Steelhead LNG cancels plans for floating terminal
200 jobs, 30 years of revenue were estimated from proposed export facility outside Victoria

Steelhead LNG is no longer exploring a proposal for a liquefied natural gas terminal on south Vancouver Island.
The company announced plans in August 2015 to build a floating facility moored to shore with capacity to process up to six million tonnes of LNG per year.
The proposal was in partnership with the Malahat Nation, which owns the Bamberton industrial site about 40 kilometres north of Victoria, .
"Steelhead LNG made the decision after careful consideration and based on several factors, as we look to develop a project that delivers low-cost LNG that is globally competitive," a statement from the company said Friday.
A vocal critic of the proposal, Adam Olsen, the B.C. Green Party MLA for Saanich North and the Islands, said he was always sceptical about its chances of success.

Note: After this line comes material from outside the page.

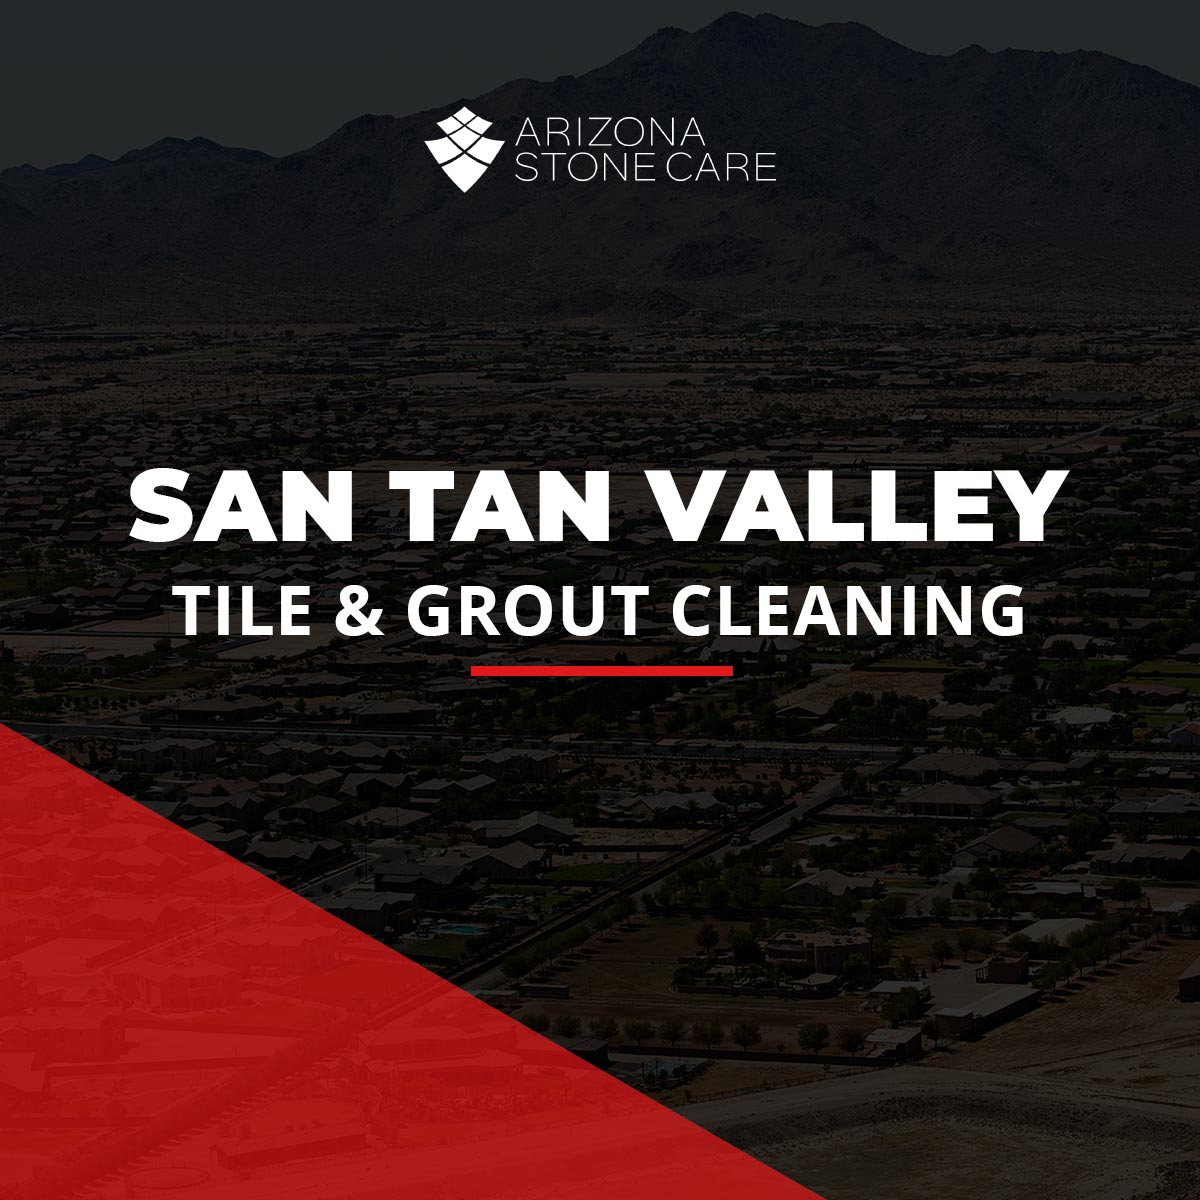 https://arizonastonecare.com/wp-content/uploads/2021/03/san-tan-valley-tile-and-grout-cleaning-arizona-stone-care.jpg

"I was excited by the news that we're not going to have this level of industrial activity in the Saanich Inlet," Olsen told On the Island host Gregor Craigie.
Olsen said community opposition to the proposed LNG plant included pollution concerns and the opposition to running loaded tanker ships past residential neighbourhood on the Saanich peninsula.
Underwater gas pipeline 'problematic'
However, he said, a particular challenge for the Steelhead-Malahat Nation proposal was getting an underwater natural gas pipeline to the Saanich Inlet terminal site, from Cherry Point in Washington State through the Gulf Islands and an environmentally protected area.
"I think the economics of building that pipeline probably were problematic," Olsen said.
He said Steelhead LNG will have a similar challenge getting a gas pipeline to its other proposed facility, called the Kwispaa LNG project, southwest of Port Alberni on Vancouver Island.
Larger LNG proposal survives
Steelhead LNG says it will continue to explore its proposal for the larger-capacity Kwispaa LNG project, formerly called Sarita LNG. The Kwispaa project is in partnership with the Huu-ay-aht First Nation.
Meanwhile, Olsen said the prospects are better for future economic development on the Bamberton lands without the prospect of an LNG terminal on the 525-hectare site, which was purchased by the Malahat Nation in 2015 for $37.5-million.
"LNG facilities not being compatible with virtually anything else, that would have left that land not available for other opportunities," he said.
"Now that this LNG fiasco is over … they can start to explore then in earnest."